15 Nisan 2012 Pazar

İşte bütün mesele bu!

8-11 Ekim tarihlerinde Bahreyn'de 48 ülkeden 600 temsilcinin katıldığı bir Eğitim Forumu düzenlendi.
Allah'tan yabancı basın var da okuyoruz.
Milli Eğitim Bakanlığı temsil edildi mi, bilmiyorum.
Gerçi gerek de yoktu aslında, çünkü biz eğitimde bütün sorunları hallettik, 2010 yılında tartıştığımız tek şey kaldı:
Kız öğrenciler derslere başı açık mı girsin, kapalı mı.
*
Daha önce burada (her konuda yaptığım gibi) haddimi aşarak ‘Şu eğitim meselesini bir daha düşünsek’ demiştim.
Fikrini ifadeden aciz olduğu için, benim gibi düşünmediğini hakaret ederek göstermeye çalışan az gelişmiş bir İK okuru dışında, ses çıkmadı.
Oysa konu gerçekten çok önemli.
Hürriyet İnsan Kaynakları gazetesinde lafı bu kadar sık eğitime getirmemin sebebi bu inancım.
Dünyanın en yetkin, en donanımlı İnsan Kaynakları departmanı da olsanız, elinizdeki insan malzemesini kullanmak zorundasınız.
*
Bahreyn'de 21.yy'ın eğitimi ve okulu tartışıldı.

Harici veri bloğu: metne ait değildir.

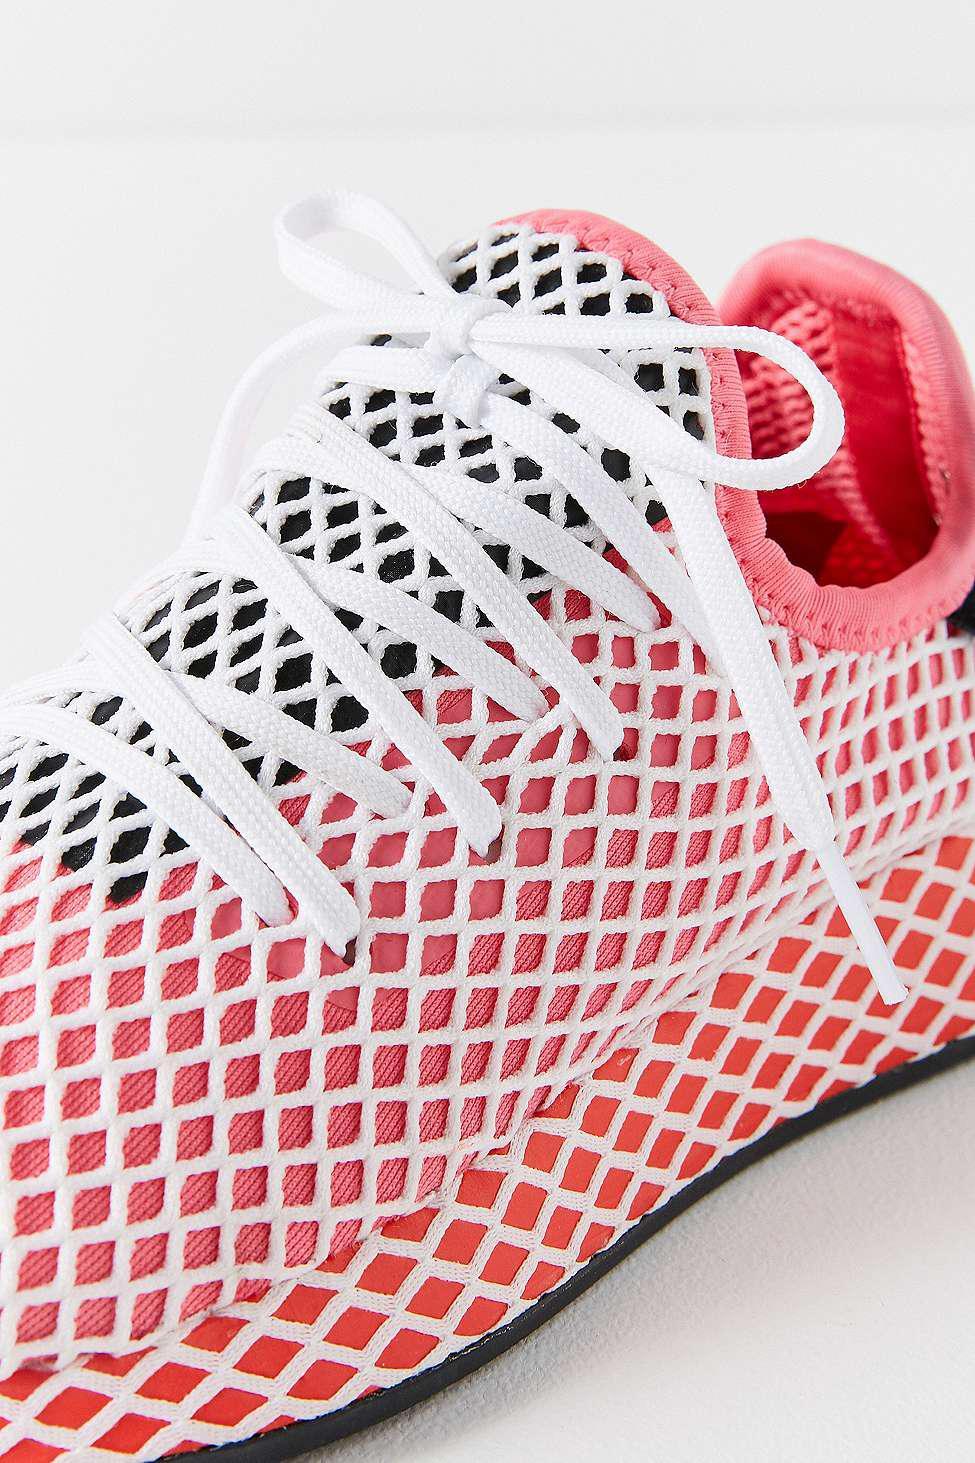 053b684fa1c8c adidas Originals Deerupt Pink And Red Running Trainers - Womens Uk 6 ...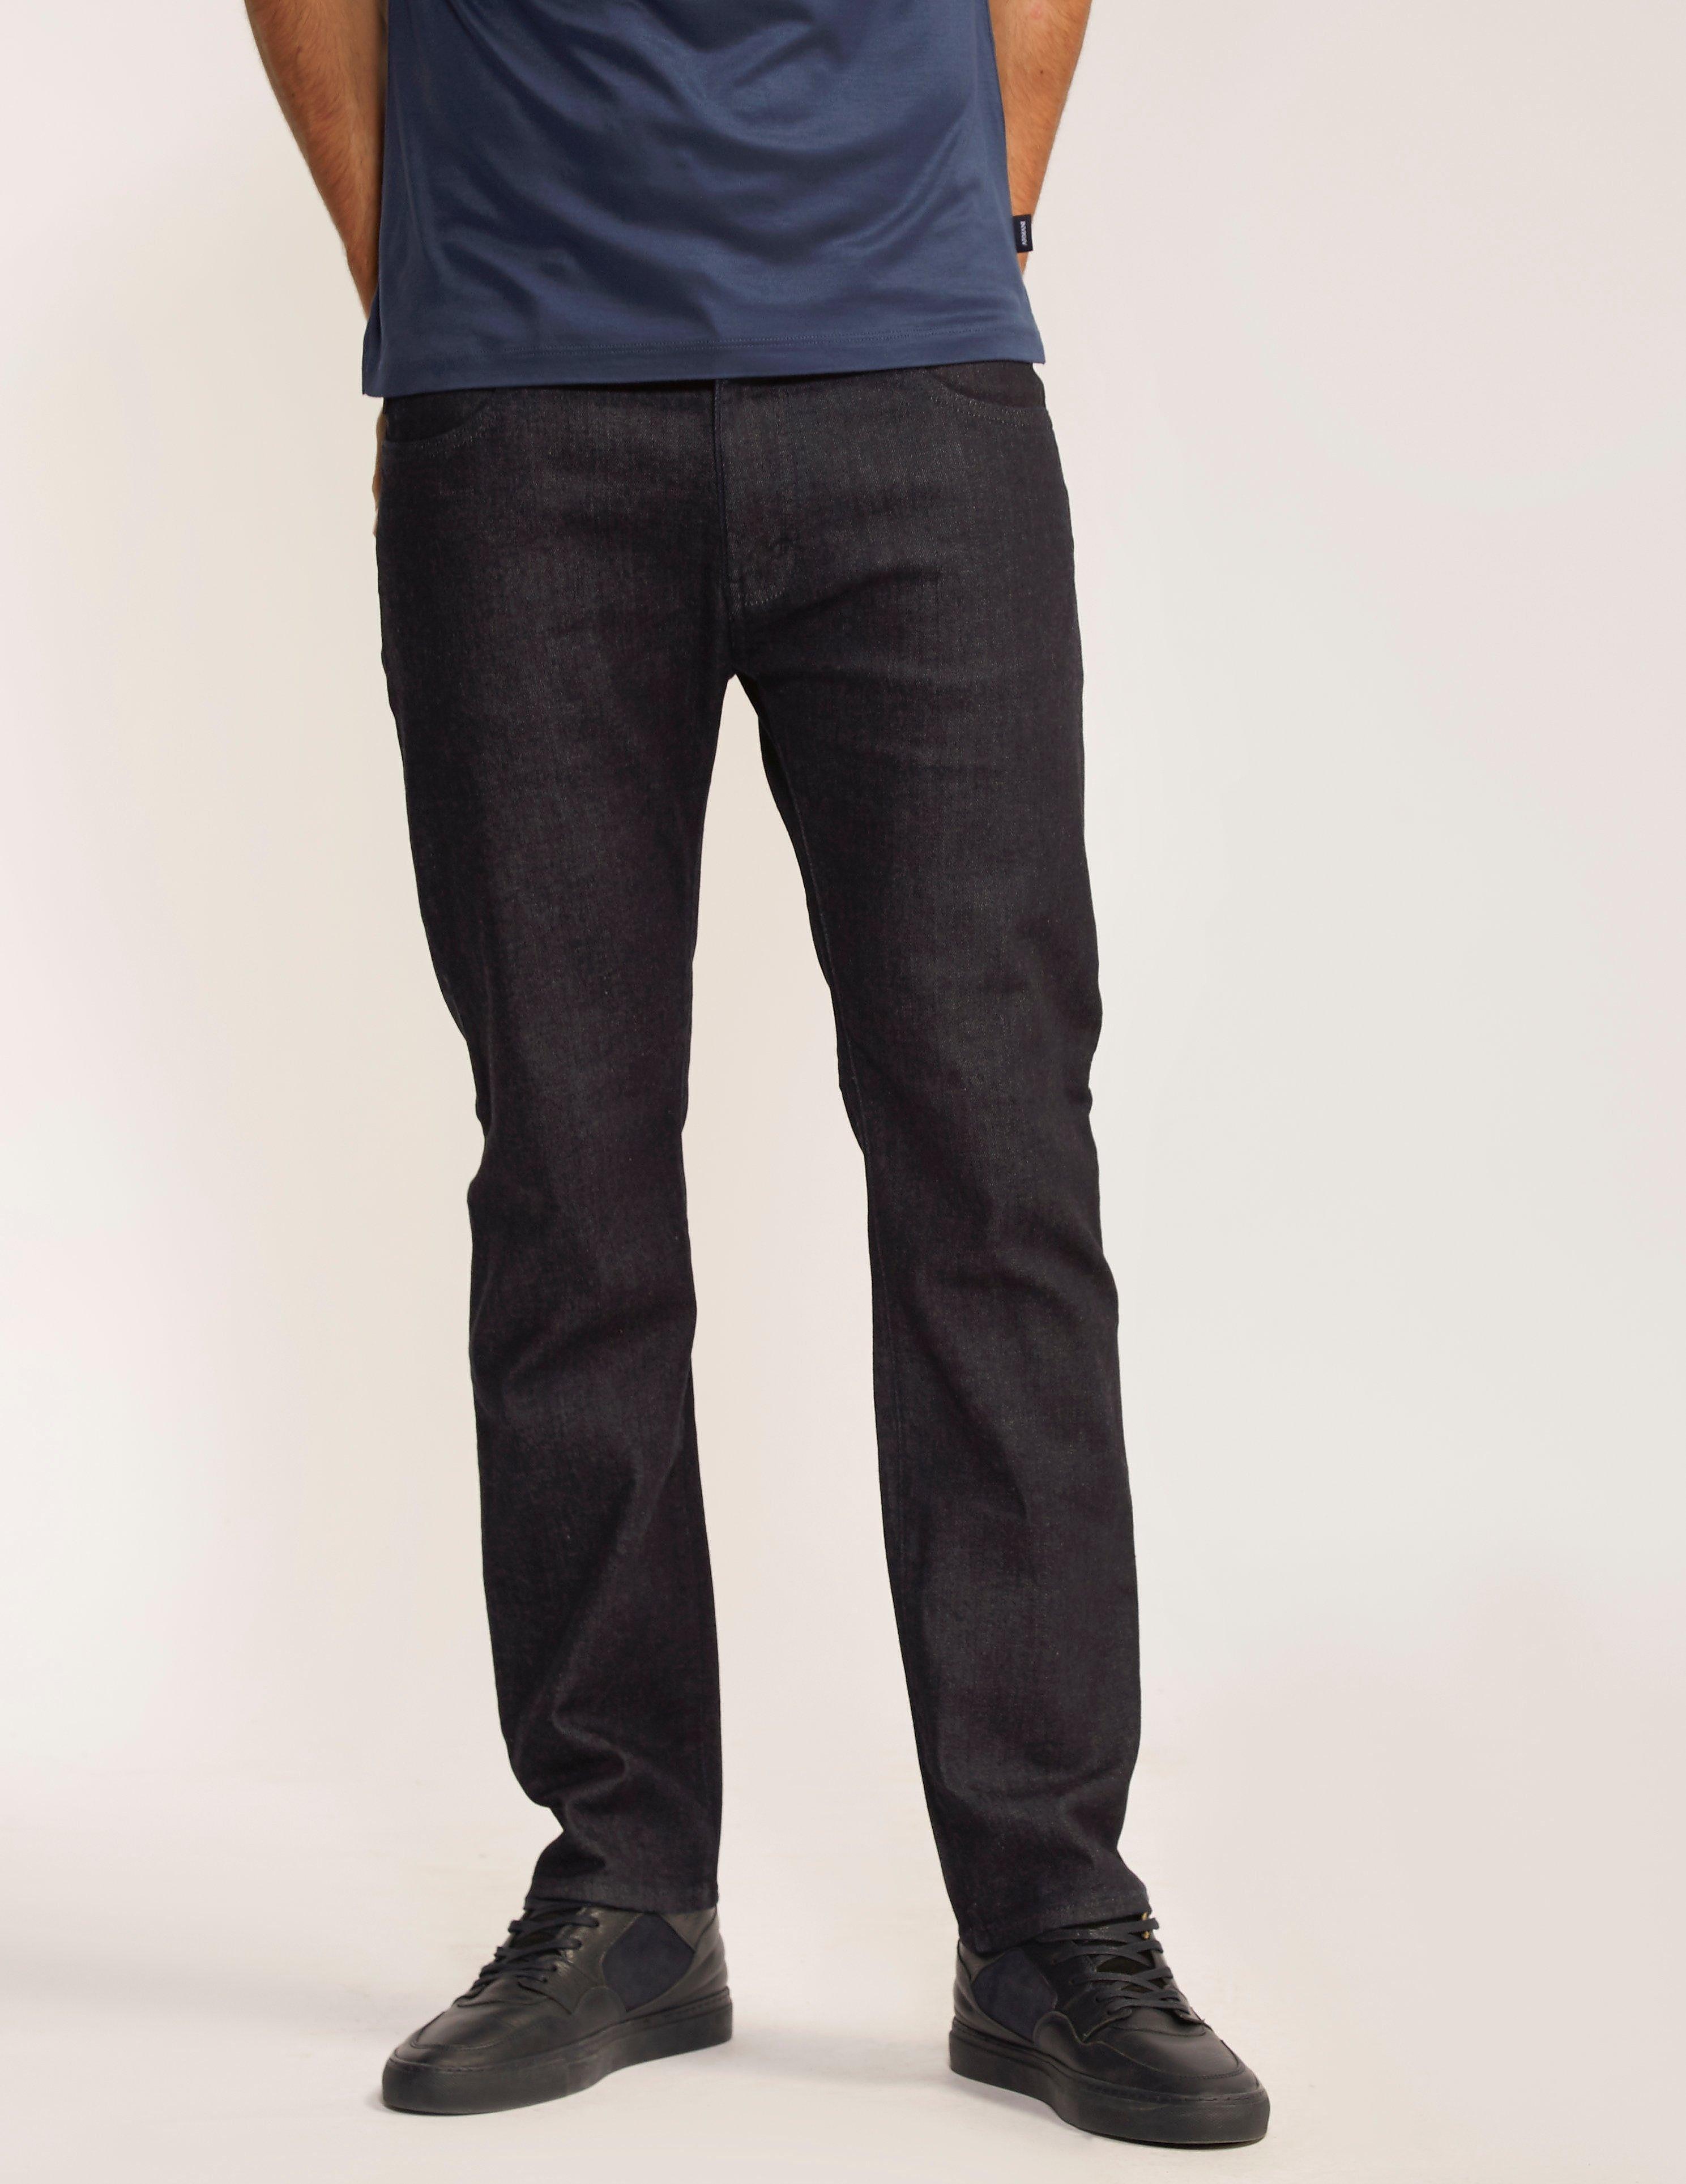 Armani Jeans J45 Jeans - Short length

* Net-kuşağına okulu nasıl cazip, bilgiyi zevkli hale getirebiliriz?
* Küçük bir azınlığa uygun, ama hedef kitlesine aykırı hale gelen eğitim sistemini çağa nasıl uydurabiliriz?
* Kalkınmış ülkelerde 2 eğitmenden 1'i beşinci yılın sonunda mesleği bırakıyor veya özel kurumlara geçiyormuş. Öğretmenleri günün şartlarına ve ihtiyaçlarına göre eğitmek, koçluk desteği vermek için neler yapabiliriz?
* Bunu sağlamadıkça, yarının toplumunu hazırlamak için ihtiyaç duyulan eğitim kadrolarını oluşturmaya, 'en iyileri' ve 'liderleri' eğitime çekmeye imkan yok. Sadece, 'daha iyi bir iş bulamayanlar' öğretmen, eğitmen olacak.
* Çocukların ve gençlerin eğitim düzeylerini karşılaştıran uluslararası testlerde ve yarışmalarda en iyi neticeleri alan ülkeler, okulları ve sınıfları 'gerçek hayata açmayı' başaran, öğretmenliği 'tek başına yapılan bir iş olmaktan çıkarıp bir ekip çalışmasına dönüştürmeyi bilen' ülkeler.
* Harward'dan Tony Wagner'in söylediği çok ilginç: ‘Sınıfın en arkasında oturup, öğretmenin anlattıkları doğru mu, değil mi, anında internetten girip kontrol eden öğrenciler var. Bunlar, öğretmenlerle öğrenciler arasındaki kopukluğun en iyi örneği...
* Öğretmeni, bilen ve bildiklerini belleten durumundan çıkarıp, öğrencilerini bilgiye yönlendiren takım koçu haline getirmek çok acil bir önlem.
* Ve şu çok önemli tespit ve soru: Okul, gençlerin hayatında tamamen bir istisna, zamanın dışında bir ölü nokta haline geldi. Okul, bugün gençlerin internete bağlı olmadıkları (on-line olmadıkları); cep telefonlarının, müziğin sustuğu; ekranı bırakıp babalarının defterine kalemine döndükleri; aynı anda (müzik dinlemek, DVD seyretmek, çetleşmek ve ödev yapmak gibi mesela) bir çok şeyi bir arada yapmaları yasak olan tek ortam. Gençleri, kendi gerçeklerinden ve alışkanlıklarından zorla koparıp onlara tamamen aykırı bir ortam yaratan klasik okul-eğitim sisteminde ısrar edecek miyiz, yoksa 'bugünün gençleri bizden farklı' diyerek eğitimi yeniden düşünecek ve gençlere uygun hale getirecek miyiz?